BRUSSELS, (AFP) 20th Decenber 2002
A month after the Prestige sinking off northwestern Spain, the European Commission on Friday again called on EU members to immediately ban from their ports single-hull tankers carrying heavy fuel oil. EU Transport Commissioner Loyola de Palacio challenged the EU member countries to learn from the past, put considerations of special interests aside, and adopt substantive measures to prevent environmental disasters.
"The commission first made this sort of proposal on the day after the Erika sinking, in December 1999," De Palacio said in a statement.
Oil spilled from the Erika soiled some 400 kilometers (250 miles) of French coastline, causing more than 849 million dollars (euros) worth of damage.

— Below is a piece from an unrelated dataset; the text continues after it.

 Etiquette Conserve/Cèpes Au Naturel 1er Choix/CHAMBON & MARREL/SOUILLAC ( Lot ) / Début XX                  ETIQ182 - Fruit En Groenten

Since the Prestige sinking, De Palacio has repeatedly said that the accident could have been avoided if the EU had adopted stringent safety measures after the Erika disaster.

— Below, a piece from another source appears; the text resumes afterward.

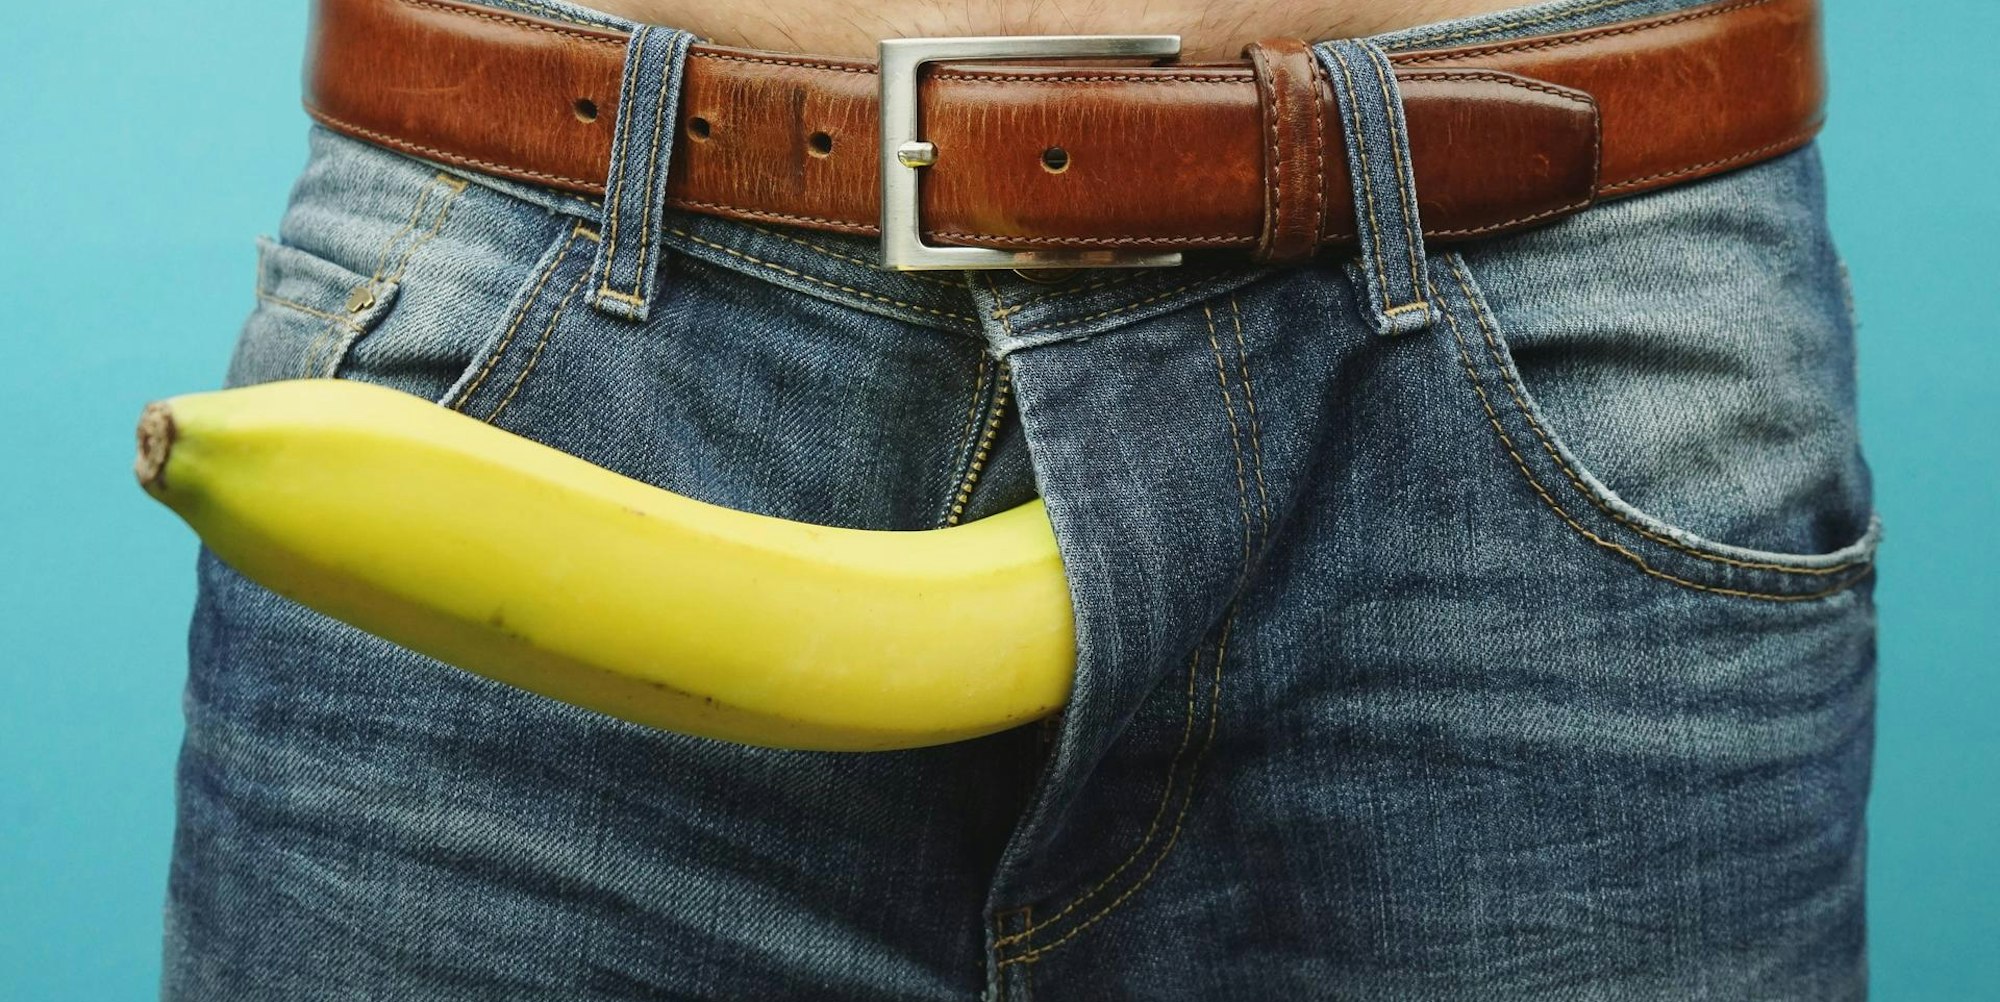 Mann hängt Banane aus der Hose

The commission's statement comes a day after EU's justice and interior ministers called for an introduction of criminal sanctions in environmental protection measures.
Shortly after the Prestige oil tanker sank on November 19, the European Commission, along with the Danish EU presidency and the international environmental group Greenpeace, urged the EU to ban similar tankers from its waters.
But while EU transport ministers met in the beginning of December to mull such safety steps, there was little agreement among the 15 member states -- some with sizeable interests in the shipping sector -- on what exactly those measures should be.
The Prestige broke in two and sank after being towed out to sea some 270 kilometers (170 miles) off the Spanish coast.
Since then, it is estimated to have spilled more than 20,000 tonnes of heavy fuel oil, according to latest Spanish government figures.
The sludge has soiled the once-pristine coast and wreaked havoc on the economy of the Galician region, heavily dependent on the fishing and tourism industries.
The commission urged the EU to adopt the ban by March 2003 and also proposed a gradual phase-out, between 2005 and 2010, of single-hull tankers carrying other hydrocarbons.